The info I received from ECHOLIGHT (company that developed REMS) stated Easton, MD “Rheumatology Associates of Delmarva”. You would need to call to confirm.

josephinius1 profile image
josephinius1

I have severe osteoporosis too (lumbar spine -4.6, hip/femoral head -3.3/-3.5) that was only diagnosed after repeated injuries to my back made my husband suspect they were at least partly due to OP.

I now know I've had several fractures, and this is what I've experienced:

1) You really might not know if you have had one.

2) If it's a vertebrae, it'll likely be deep, so when the doctor's pressing on your back to see where it hurts, you might not be able to isolate it.

3) It may give you a generalized backache. or it may not. When you'll feel it is when you move the "right" way, or when someone or something jostles you. In my case with the current one, I feel it when I lie on my back. With others, it was getting out of bed.

4) It may or may not affect your mobility.

5) There's a solid chance they won't find it on an x-ray, but I am finding that the physiatrist I've seen twice does better at asking for specific locations to be filmed. My upper back fractures were missed twice by urgent care.
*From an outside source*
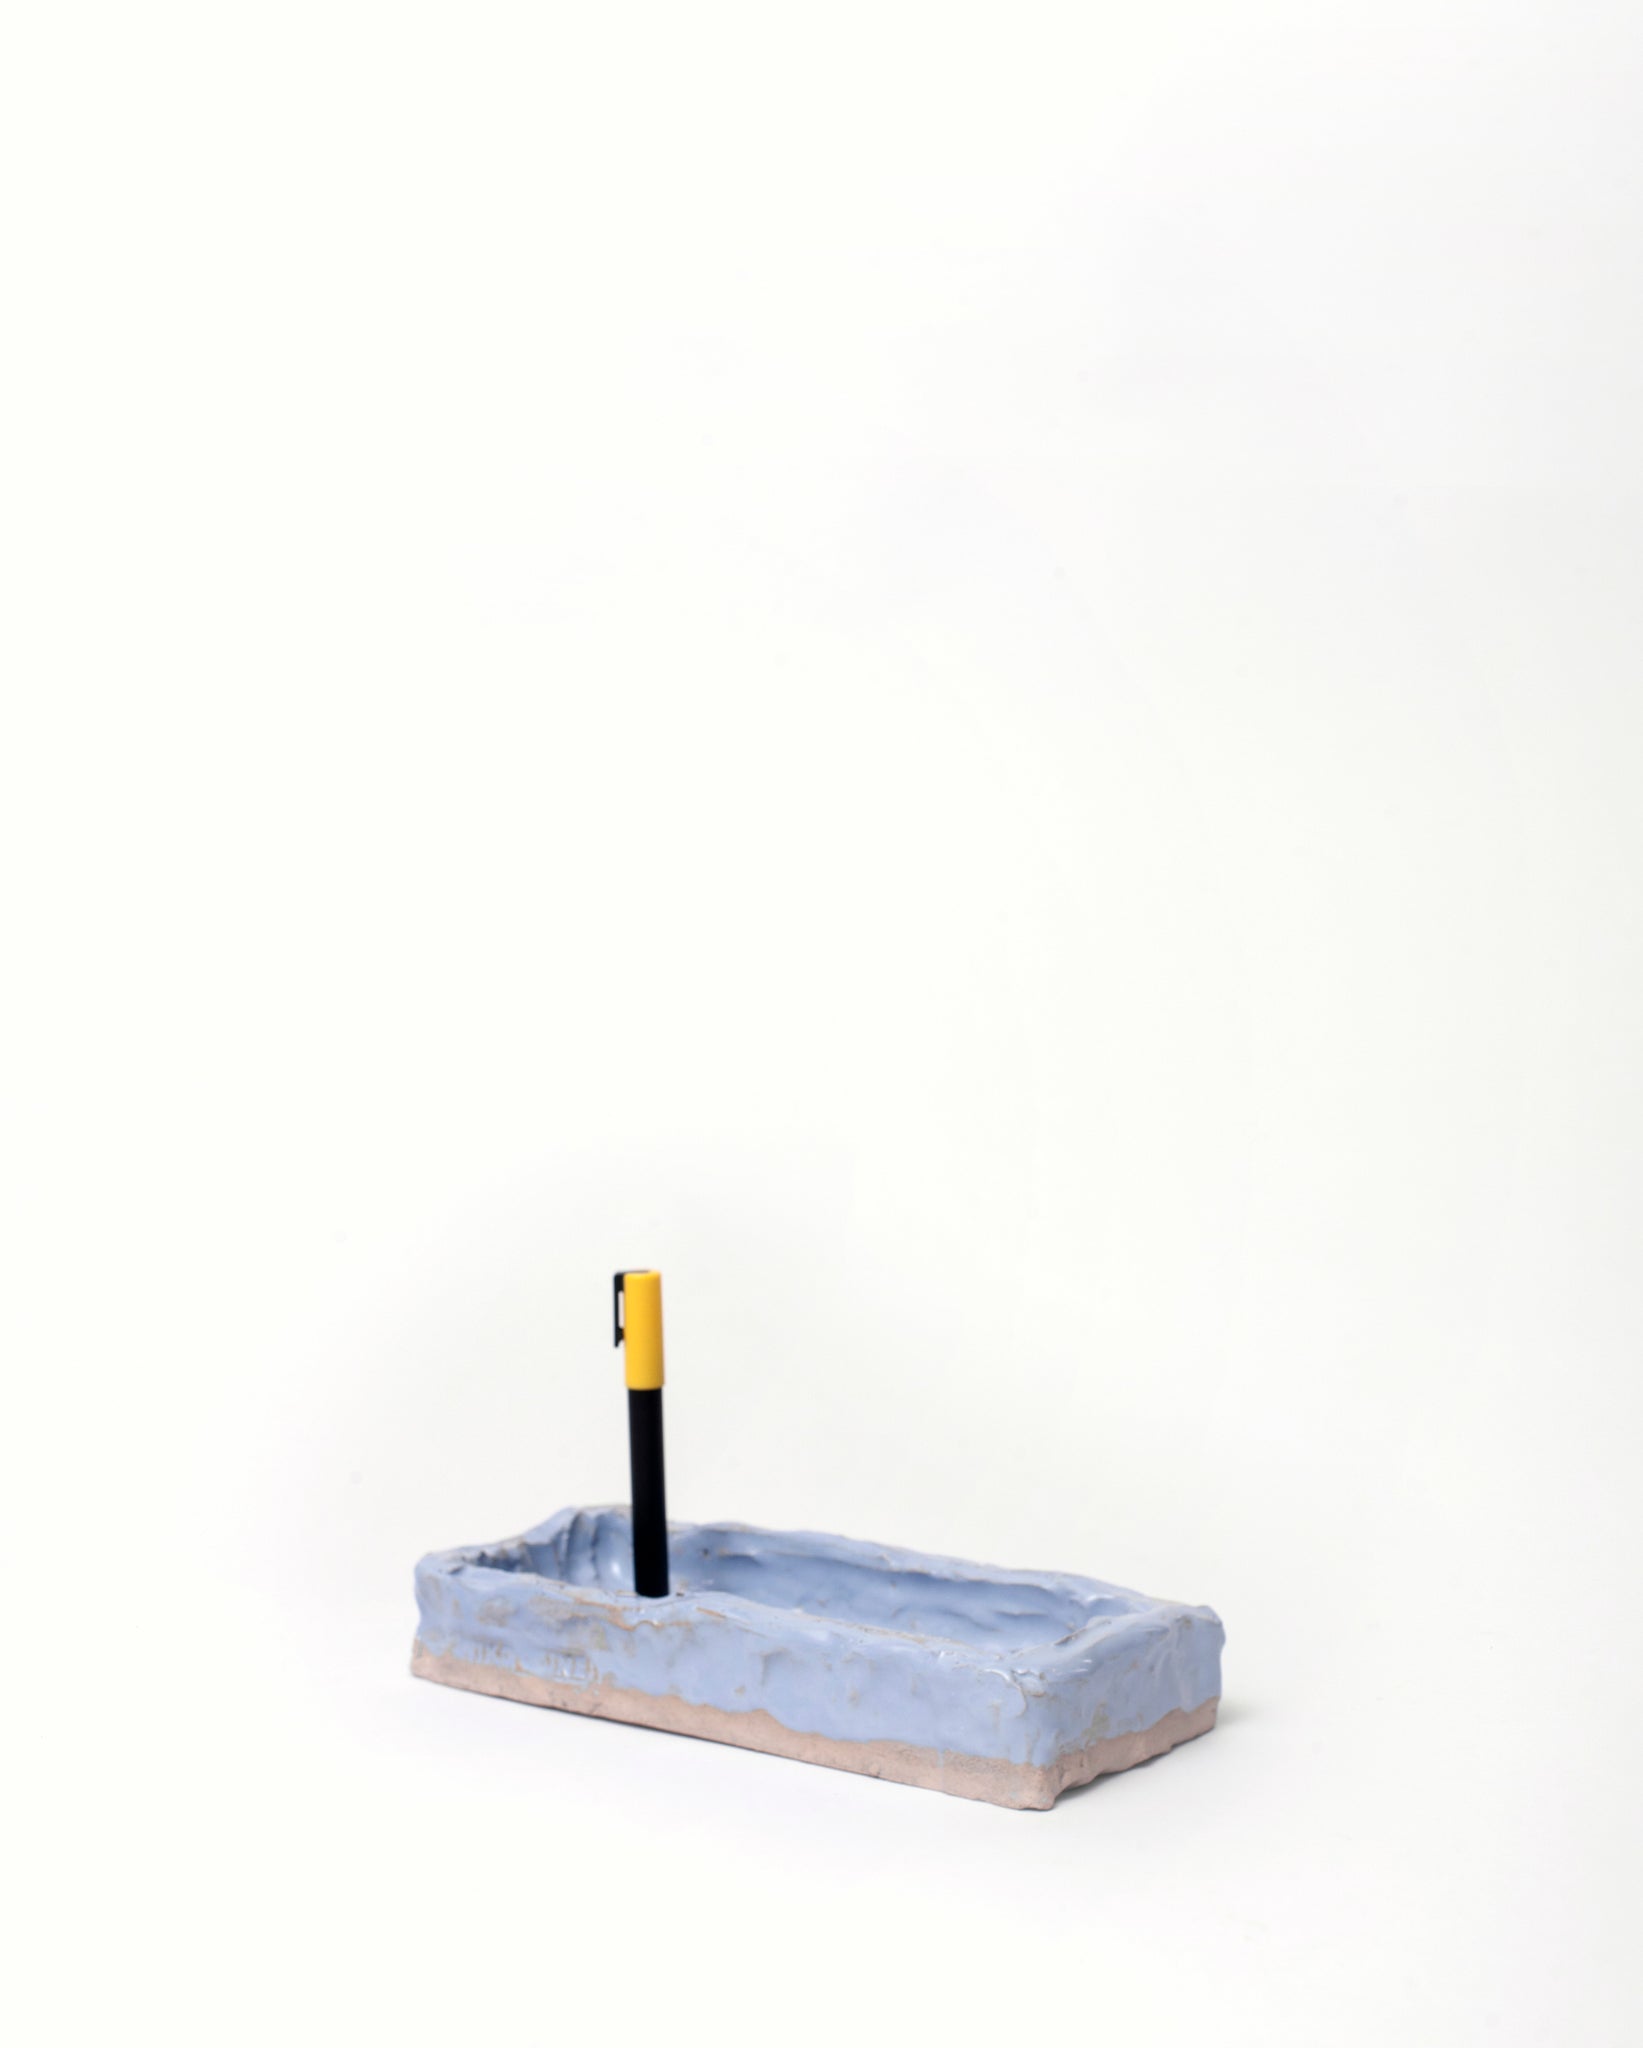 Handmade ceramic organizer object in light blue glaze with pen in one corner white background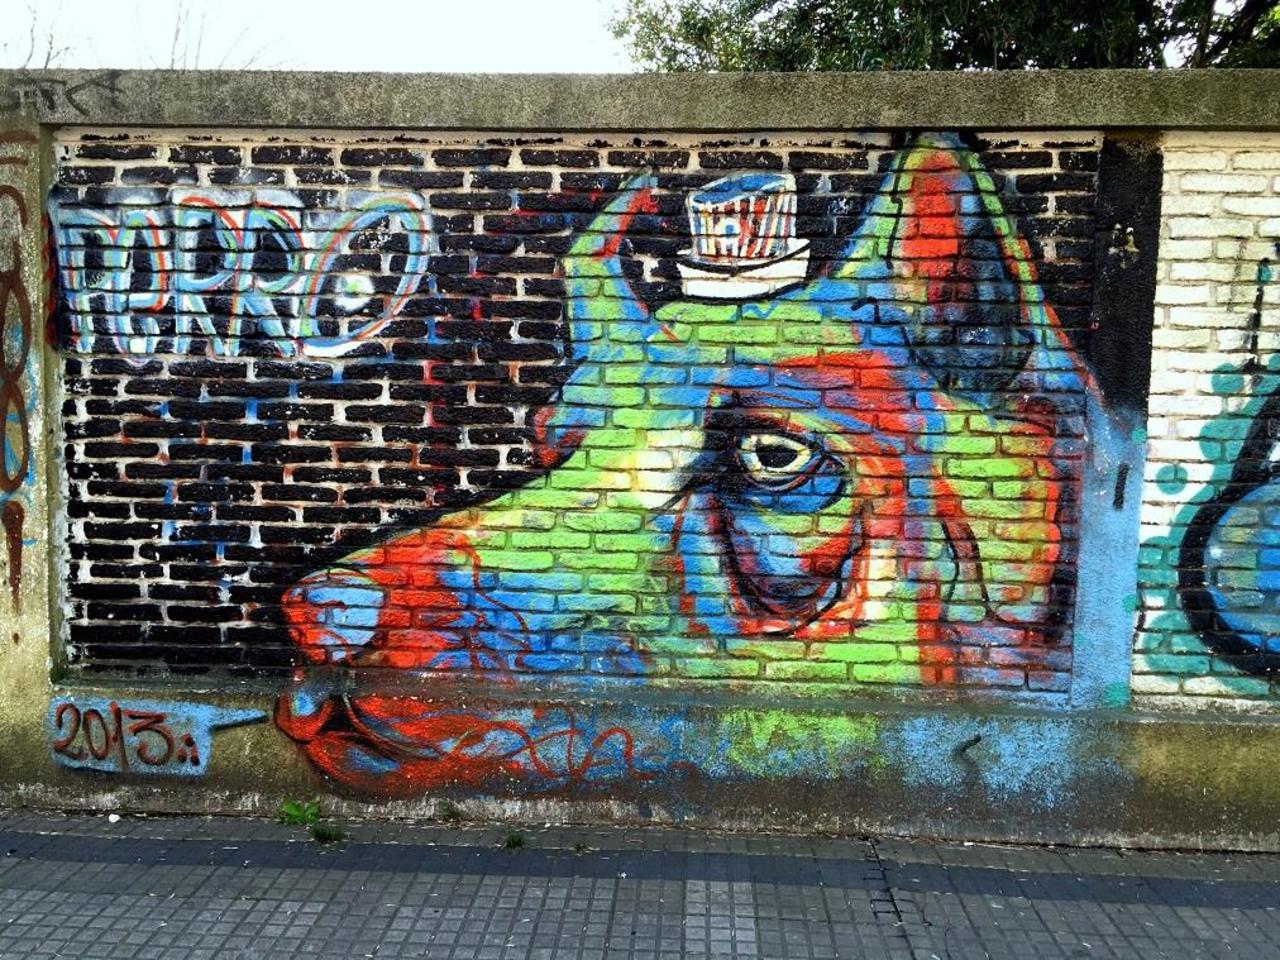 #Graffiti de hoy: << El perro >> calle 9, 66y67 #LaPlata #Argentina #StreetArt #UrbanArt #ArteUrbano http://t.co/3tEWPIKdAK

6) Loss of height is probably your giveaway. Some height loss surely is discs flattening out, other things (poor posture?) but if you find you're shorter every time you get measured (which happened to me 4 times over the last 18 months, for 1 1/2 verified inches in that time frame, to top off the 1 1/2 inches I'd already lost ) you're probably fracturing.

7) I have no idea what my spine score would have been 4 years ago, but chances are they'd've been in the -3's? That was when I had my first "incident" that I now think could have been a fracture, but in that instance, I did put a great deal of stress on my lower back (at the gym, in s class.) The second was not for another two years, also happened at the gym, but much less stress. It seemed to become a cascade after that. All to say, if you can manage to not do stupid things, you might be fine.